Reducing low-value care is another way to eliminate carbon-producing activities associated with unnecessary scans, testing and procedures.
This has been a priority for U-M, thanks to the Michigan Program on Value Enhancement — a collaboration of Michigan Medicine and the University of Michigan Institute for Healthcare Policy that aims to improve the quality of care at the institution — and a partnership with the similarly oriented Michigan Value Collaborative, also referred to as MVC, a collaborative quality initiative that serves the entire state.
Last year, the two organizations collaborated on a study that highlighted how much routine testing was still done before surgeries despite its low value. Berlin was the first author.
“U-M is considered one of the leading institutions studying low-value care and efforts to limit that type of care,” Berlin said. “But like a lot of other centers, we are really just at the precipice of these initiatives. I would anticipate big changes in the next 10 years.”
From gas to (more sustainable) gas
Some sustainability shifts may come even sooner at Michigan Medicine.
For instance, the Department of Anesthesiology recently launched the Green Anesthesia Initiative, or GAIA for short. Its mission: become more environmentally conscious about the types and rates of anesthesia its providers use, another area Agbafe and Berlin say is ripe for improvement.

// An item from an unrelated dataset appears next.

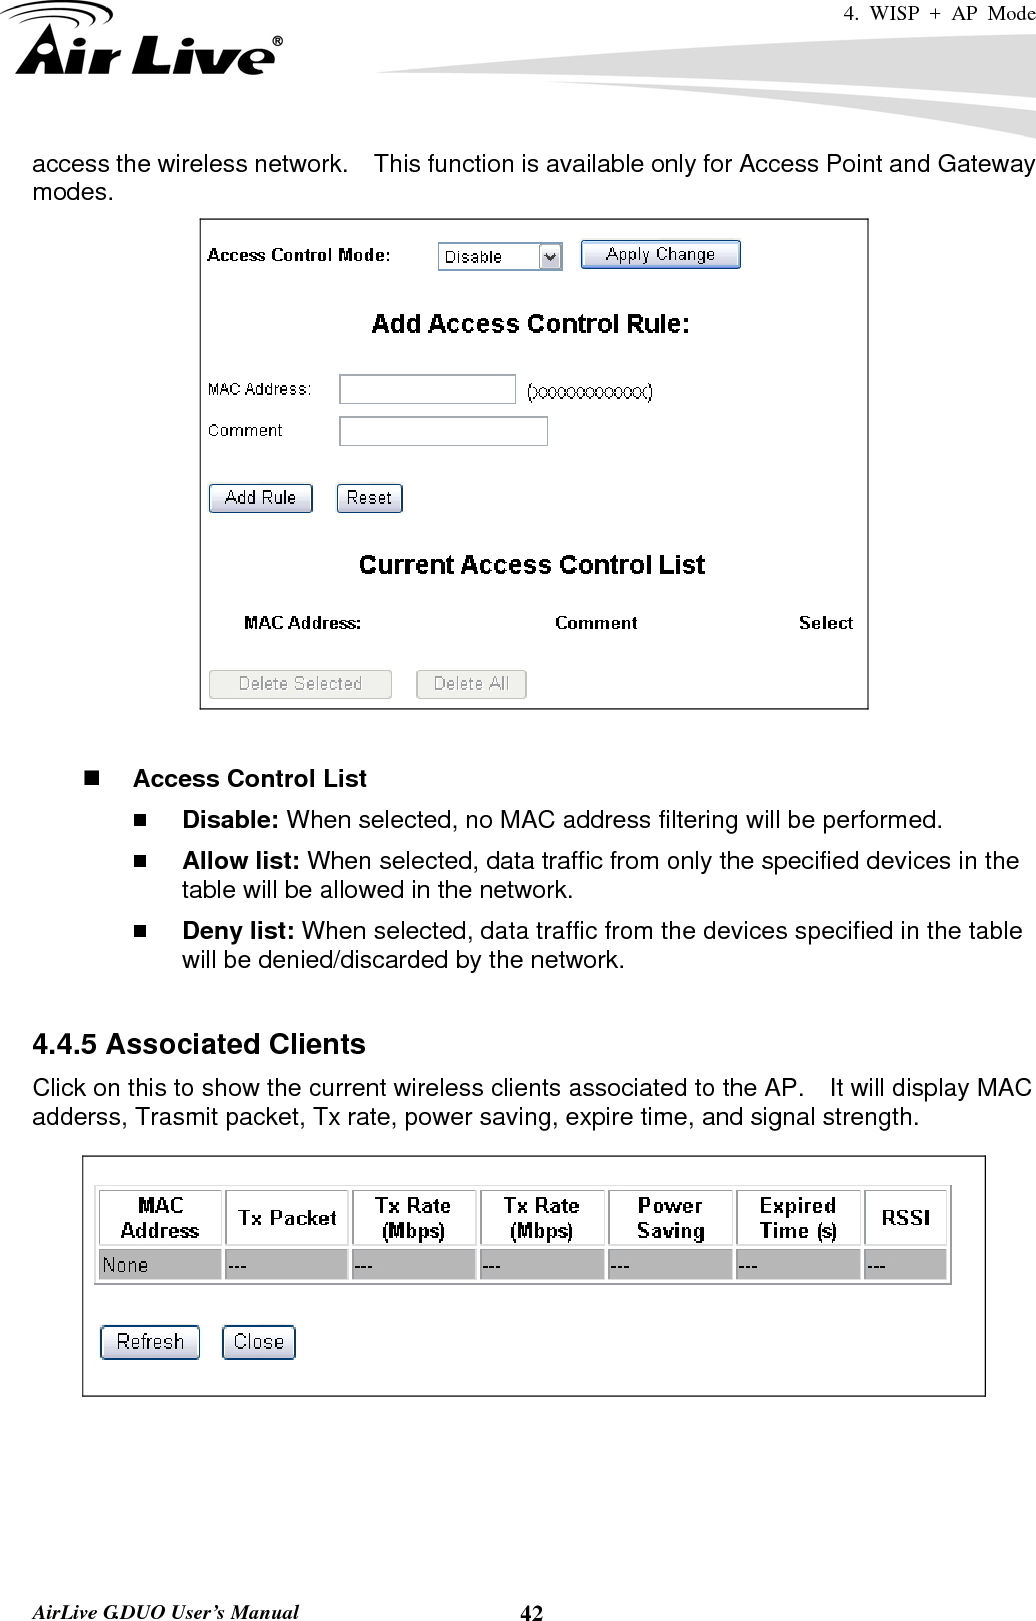 4. WISP + AP Mode   AirLive G.DUO User’s Manual  42access the wireless network.    This function is available only for Access Point and Gateway modes.    Access Control List  Disable: When selected, no MAC address filtering will be performed.    Allow list: When selected, data traffic from only the specified devices in the table will be allowed in the network.    Deny list: When selected, data traffic from the devices specified in the table will be denied/discarded by the network.  4.4.5 Associated Clients Click on this to show the current wireless clients associated to the AP.    It will display MAC adderss, Trasmit packet, Tx rate, power saving, expire time, and signal strength.

“This is a topic of fairly intense discussion right now in the field, and I’ve been thinking about it for a while,” said George Mashour, M.D., Ph.D., the chair of the Department of Anesthesiology and the Robert B. Sweet Professor of Anesthesiology at the University of Michigan Medical School. “Unlike other industries, I don't think that we require massive disruption in order to make progress because, fortunately, we have options.”
Several inhaled gases regularly used for anesthesia are A-list offenders when it comes to greenhouse gas production. Nitrous oxide, commonly known as laughing gas, is a greenhouse gas, a direct ozone depleter and does not dissipate from the atmosphere for more than a century after it’s produced.
However, the inhaled anesthetic sevoflurane has much less of an environmental impact than nitrous oxide and other common inhaled agents, so Mashour says it would be a good alternative.
“The overall goal is to shift away from some of these egregious culprits and start making better choices about which drug we use and then also how we use it,” Mashour said.
“The contributions in terms of greenhouse gas effect or ozone-depleting action partly relate to how much is getting pumped out into the atmosphere and that relates directly to how high we have our fresh gas flow,” he added. “If we have, for example, 10 liters going, we’re blowing a lot of anesthetic into the scavenging and waste and atmospheric systems that doesn’t need to be there.”
To that end, Mashour’s colleagues in the Department of Anesthesiology are already leading a national initiative to try to reduce anesthetic gas flow rates through the Multicenter Perioperative Outcomes Group, another quality initiative that includes health centers from across the country.
Mashour plans to roll out other elements of GAIA over a three- to- five-year period.
“We could be doing better,” he said. “Right now, we’re starting the conversations, getting people on board and making structural choices in the department to help make it easy for people to do the right thing.”
Funding for collaborative quality initiatives such as MVC and the Multicenter Operatives Group comes from Blue Cross Blue Shield.